US 11,908,124 B2
	Pavement nondestructive detection and identification method based on small samples
Hui Wang, Chongqing (CN); Zijie Lin, Chongqing (CN); and Wenruo Fan, Chongqing (CN)
Assigned to Chongqing University, Chongqing (CN)
Filed by Chongqing University, Chongqing (CN)
Filed on Jul. 3, 2023, as Appl. No. 18/346,458.
Claims priority of application No. 202210784688.1 (CN), filed on Jul. 5, 2022.
Prior Publication US 2024/0013368 A1, Jan. 11, 2024
Int. Cl. G06T 7/00 (2017.01); G06T 7/11 (2017.01); G06T 3/40 (2006.01); G06V 10/40 (2022.01)

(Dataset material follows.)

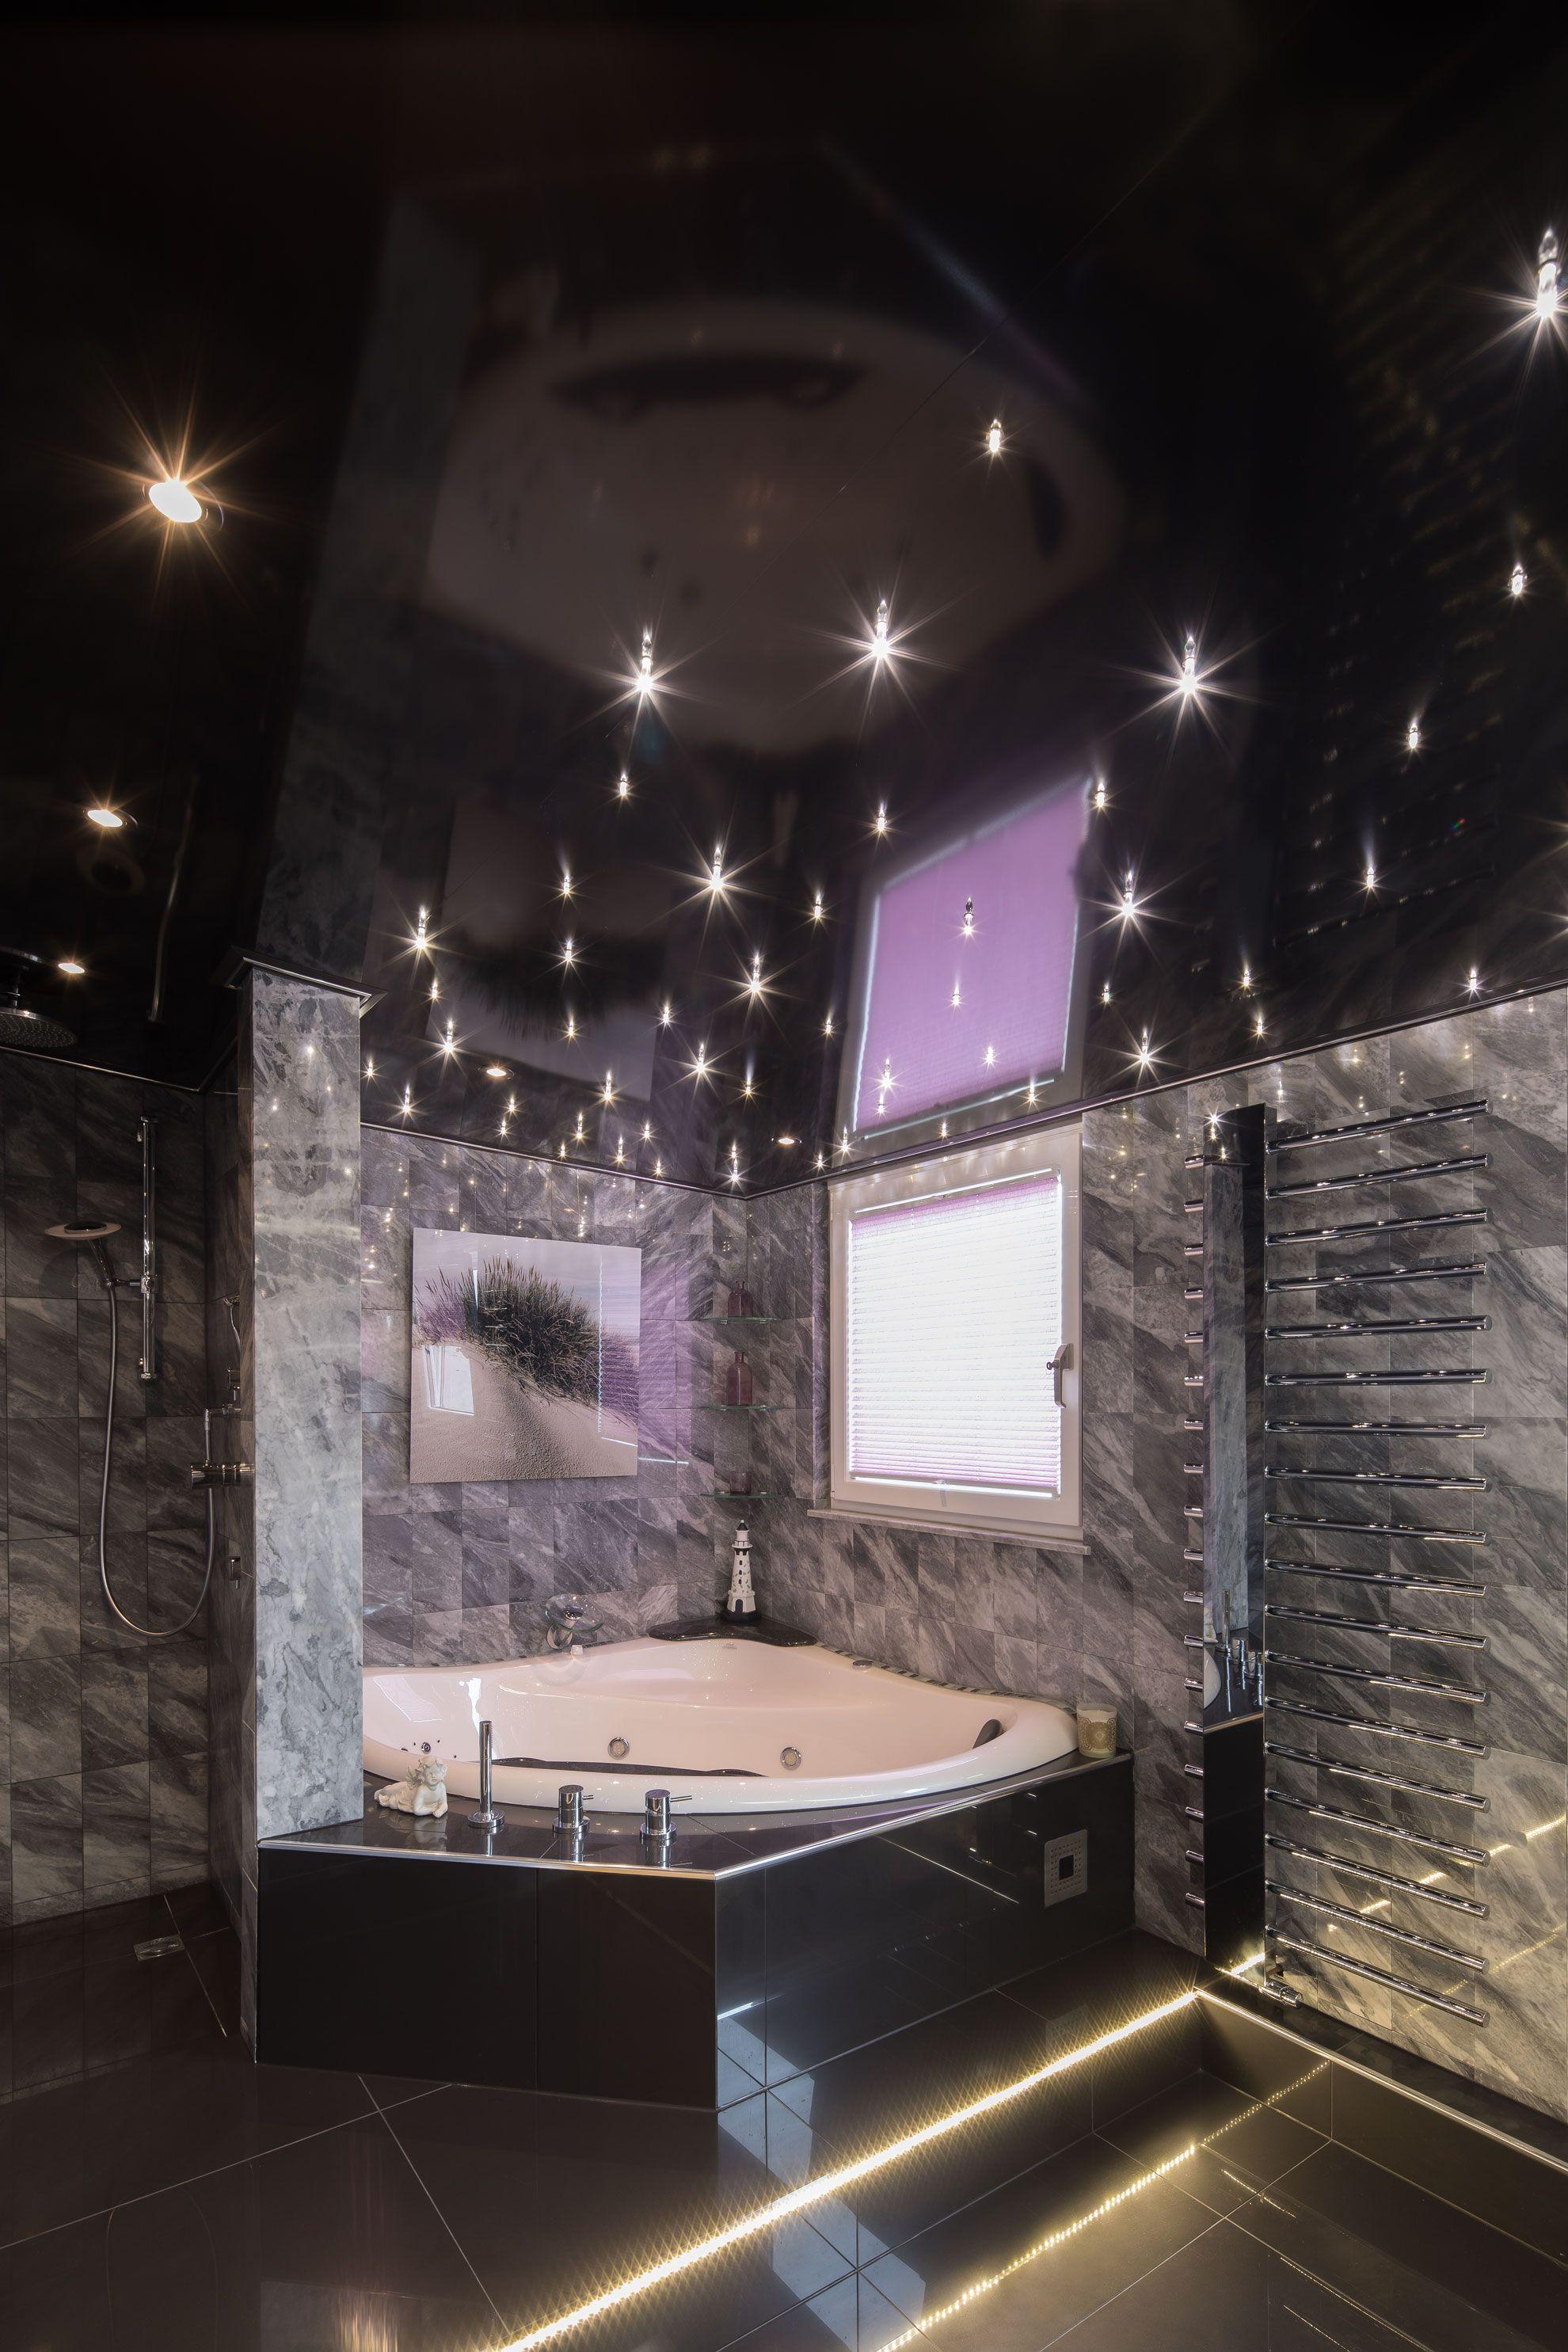 Badezimmer Decken Inspiration Badezimmer Decken Badezimmer Badezimmer Schwarz

CPC G06T 7/0004 (2013.01) [G06T 3/4092 (2013.01); G06T 7/11 (2017.01); G06V 10/40 (2022.01); G06T 2207/20021 (2013.01); G06T 2207/30132 (2013.01)]

5 Claims

1. A pavement nondestructive and identification method based on small samples, comprising: constructing an original dataset, dividing the original dataset into several patch blocks, sampling the patch blocks, and obtaining samples of the patch blocks; inputting the samples of the patch blocks into a transformer model for feature extraction and target reconstruction, and obtaining a trained transformer model; detecting input pavement sample images based on the trained transformer model; inputting the patch blocks as an input sequence into the transformer model for training to lower resolution and reduce pixels of an image background; and performing feature extraction based on an encoder in the transformer model, comprising, firstly, obtaining the patch blocks by dividing the input equally, and then obtaining image tokens based on a method of linear projection, and adding a position embedding after the tokens are generated to solve position information lost; then, inputting labelled images into the encoder in the transformer for classification; only using class tokens in the classification; outputting different weight combinations in a process of the linear projection, wherein information obtained by the different weight combinations is multi-head information; and performing the feature extraction on the multi-head information based on a multi-head attention mechanism; the target reconstruction comprises: performing pixel-level reconstruction on masked images in the patch blocks based on an a masked autoencoder, dividing the images into patch blocks, randomly masking parts in the patch blocks, and then arranging unmasked patch blocks in sequence, and sending to a transformer encoder to obtain feature vectors; then, inserting masked patch blocks into the feature vectors according to positions in raw images, and then putting into decoder, wherein the decoder reconstructs pixel information to generate original pictures; wherein the masked patch blocks only comprise position information.